Er scheint damit den richtigen Weg eingeschlagen zu haben, denn mittlerweile schreiben mehr als zehn Autoren für seinen Verlag, immer mit historischer Nachbereitung. Und grinsend fügt Kuhn hinzu, dass manch anderer Verlag diese Art der Veröffentlichung inzwischen übernommen habe. Für Ruprecht van de Weyer von der CJZ Aachen ist das Buch eine rundum gelungene Sache. „Ich habe während der Entstehung des Romans immer wieder Kapitel zum Lesen bekommen und immer sehnlichst auf die Fortsetzungen gewartet. Ein spannendes und wichtiges Werk“, ist er vom Erfolg überzeugt.

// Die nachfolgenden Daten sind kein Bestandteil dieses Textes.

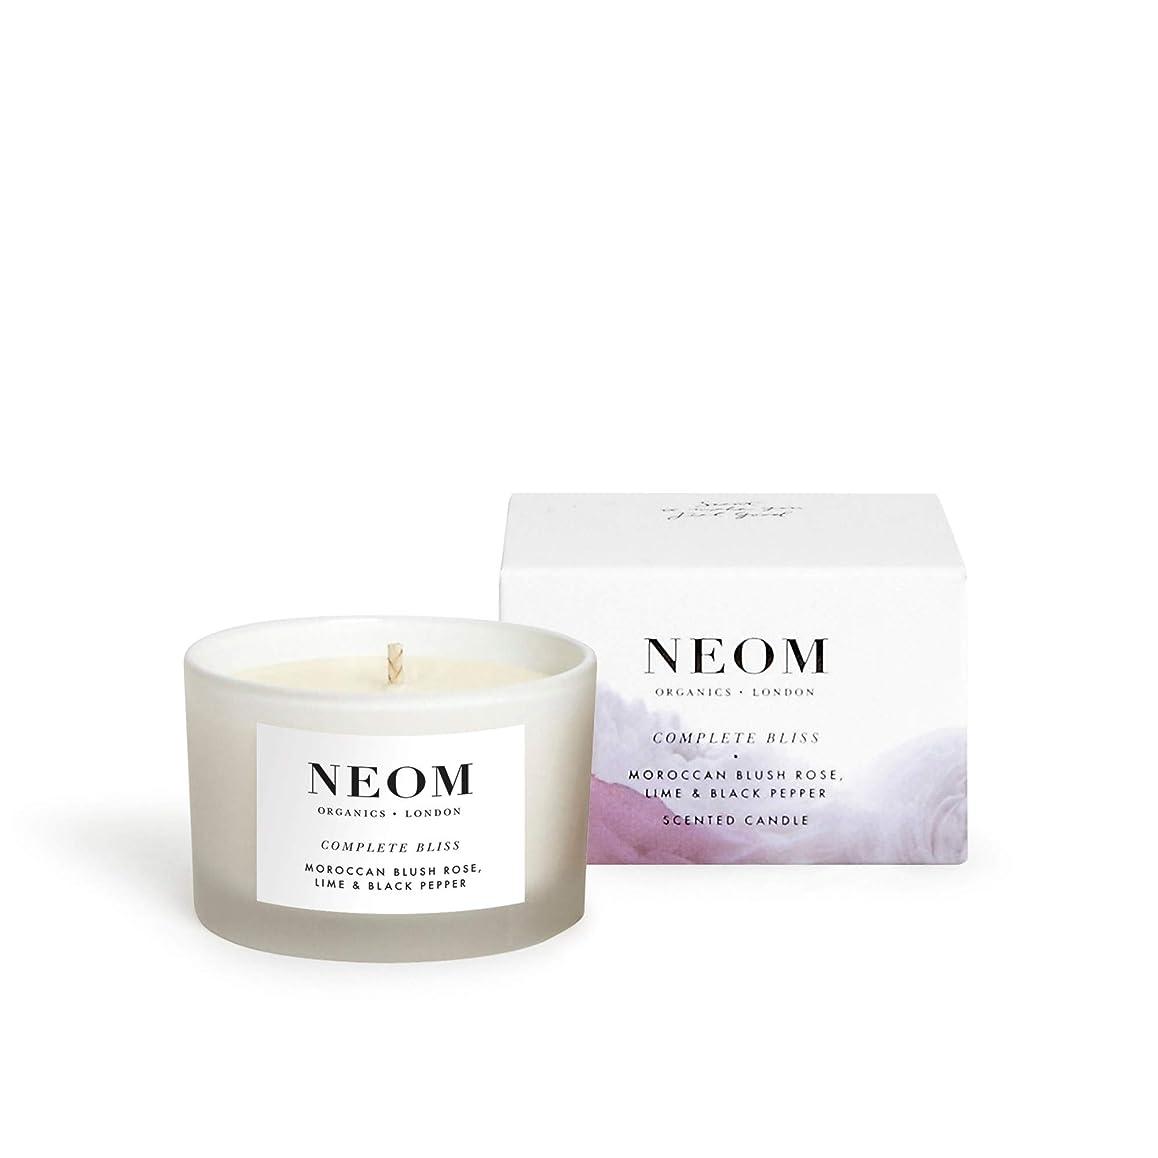 容赦ないミニ支払い[Neom] Neom完全な至福の旅行キャンドル75グラム - Neom Complete Bliss Travel Candle 75g [並行輸入品]
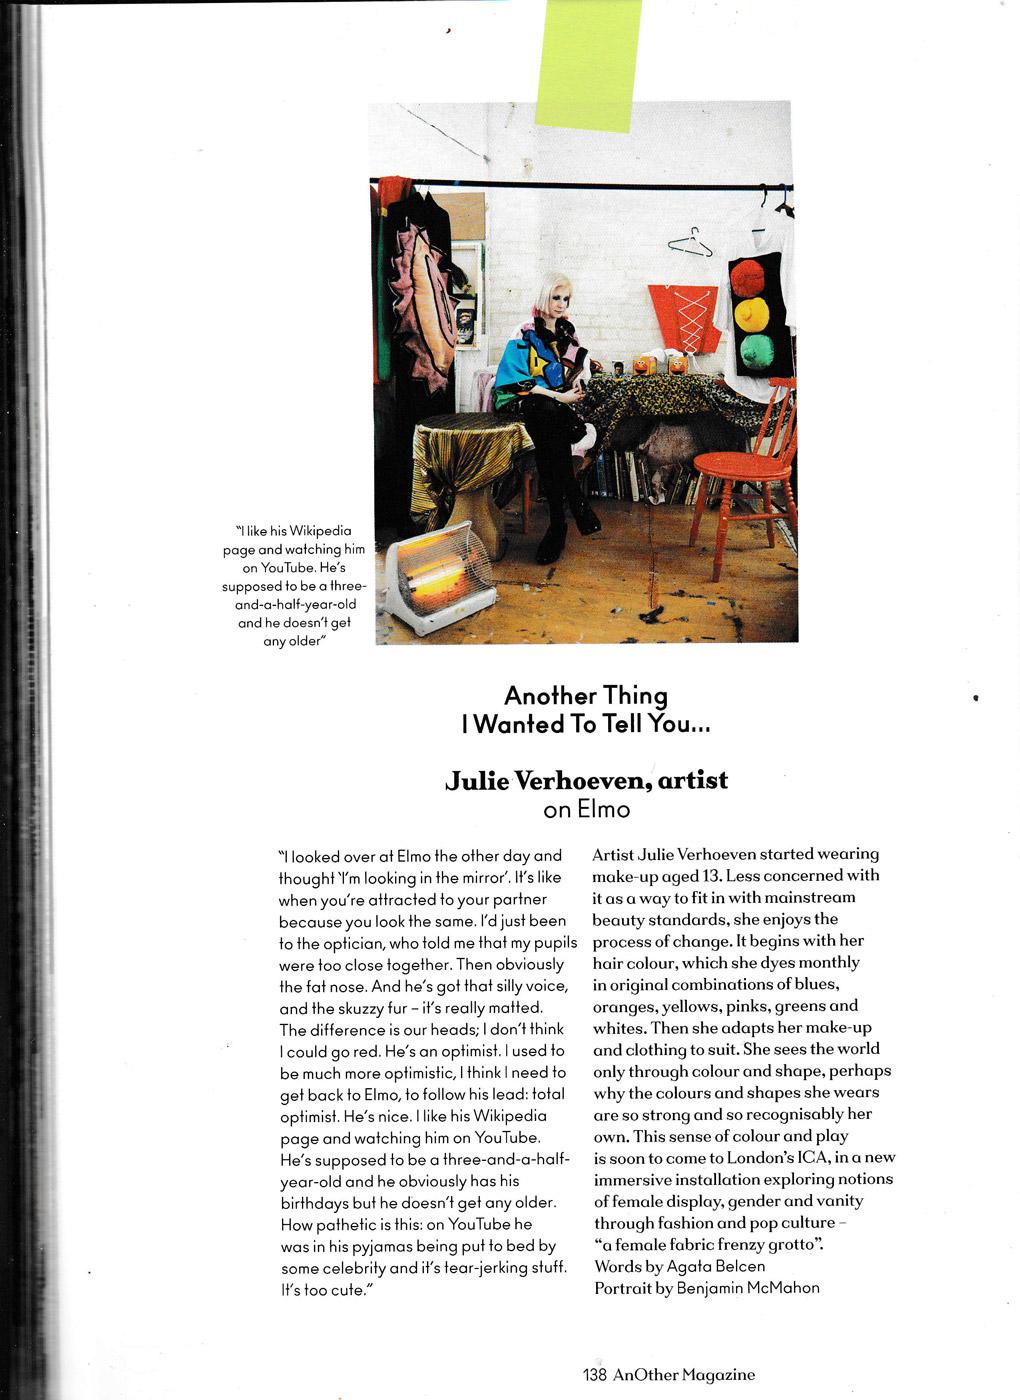 JulieVerhoeven_AnotherMagazine

Für Jennifer Riemek ist das Schreiben bisher noch ein Abenteuer. Die erste gemeinsame Lesung steht nun an, einige andere sind in Planung. „Aber im Moment konzentriere ich mich vor allem auf mein Studium, das möchte ich zunächst beenden. Wenn mir dann noch einmal ein Thema über den Weg läuft, mal sehen“, zögert sie den Einstieg in Vaters Fußstapfen noch etwas hinaus. Eine Geschichte zum Thema Flüchtlinge könnte aber schon interessant sein, meint sie abschließend. Beide haben die Hoffnung, dass ihr Buch nicht nur für Betroffene oder Historiker interessant ist, sondern dass es vielleicht einmal im Schulunterricht besprochen wird.